Sequence to Sequence Architectures - TarteelAI/tarteel-ml GitHub Wiki

One of the goals of the Tarteel ML team is to convert spoken recitation to Arabic text. In order to develop these kinds of models, we use sequence-to-sequence neural networks. These networks convert a sequence of one type (in our case, audio MFCC coefficients) to to a sequence of another type (one-hot encoded vectors of Arabic characters). Sequence-to-sequence networks differ from conventional networks because the latter are restricted to taking input shapes of a fixed size and producing a fixed-size output.

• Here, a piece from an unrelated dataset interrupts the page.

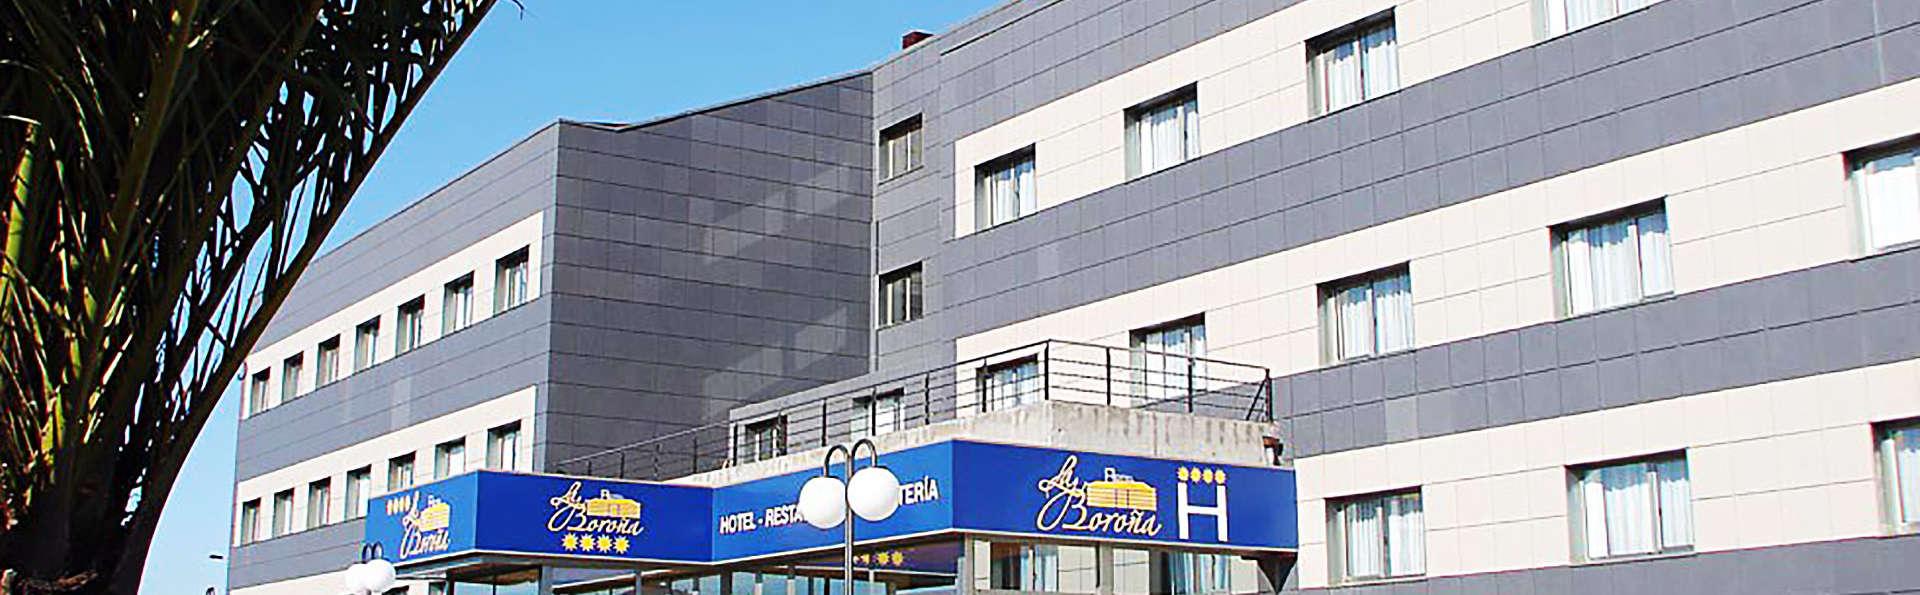 Hotel Sercotel La Boroña - EDIT_front.jpg

A common sequence-to-sequence machine learning architecture is based on LSTM encoders and decoders. Such a model is illustrated below, for the task of converting English to French (image credit: Keras blog).

Seq2Seq Model

We define a similar LSTM sequence-to-sequence model in our file seq2seq.py:

    encoder_inputs = Input(shape=(None, num_encoder_tokens))
    encoder = LSTM(latent_dim, return_state=True)
    encoder_outputs, state_h, state_c = encoder(encoder_inputs)
    # We discard `encoder_outputs` and only keep the states.
    encoder_states = [state_h, state_c]

    # Set up the decoder, using `encoder_states` as initial state.
    decoder_inputs = Input(shape=(None, num_decoder_tokens))
    # We set up our decoder to return full output sequences,
    # and to return internal states as well. We don't use the
    # return states in the training model, but we will use them in inference.
    decoder_lstm = LSTM(latent_dim, return_sequences=True, return_state=True)
    decoder_outputs, _, _ = decoder_lstm(decoder_inputs,
                                         initial_state=encoder_states)
    decoder_dense = Dense(num_decoder_tokens, activation='softmax')
    decoder_outputs = decoder_dense(decoder_outputs)

    # Define the model that will turn
    # `encoder_input_data` & `decoder_input_data` into `decoder_target_data`
    model = Model([encoder_inputs, decoder_inputs], decoder_outputs)

Training such sequence-to-sequence models is difficult, so we use a process called teacher forcing to help the neural network. The basic idea is to not only feed the relevant portion of the audio files, but also the previous character, which makes it a little easier for the model to predict the next character.

Teacher Forcing

Teacher forcing is built into both the training and inference scripts (see seq2seq.py).

Our preliminary experiments show that the LSTM decoder is quite good at generating realistic outputs of the Qur'anic verses. We are able to produce the first verse of Surah Fatihah quite consistently -- however, it is produced regardless of what audio input is fed into the model. Thus, it seems we need to work on improving the LSTM encoder and having it used by the LSTM decoder.

Next steps include understanding how to improve the sequence-to-sequence model training

How does increasing the latent dimensionality of the LSTM improve results?
How does adding more layers to the model improve results?
How does increasing the size of the dataset fed into the model improve results?
What if we remove teacher forcing?
How about other architectures, such as Transformers?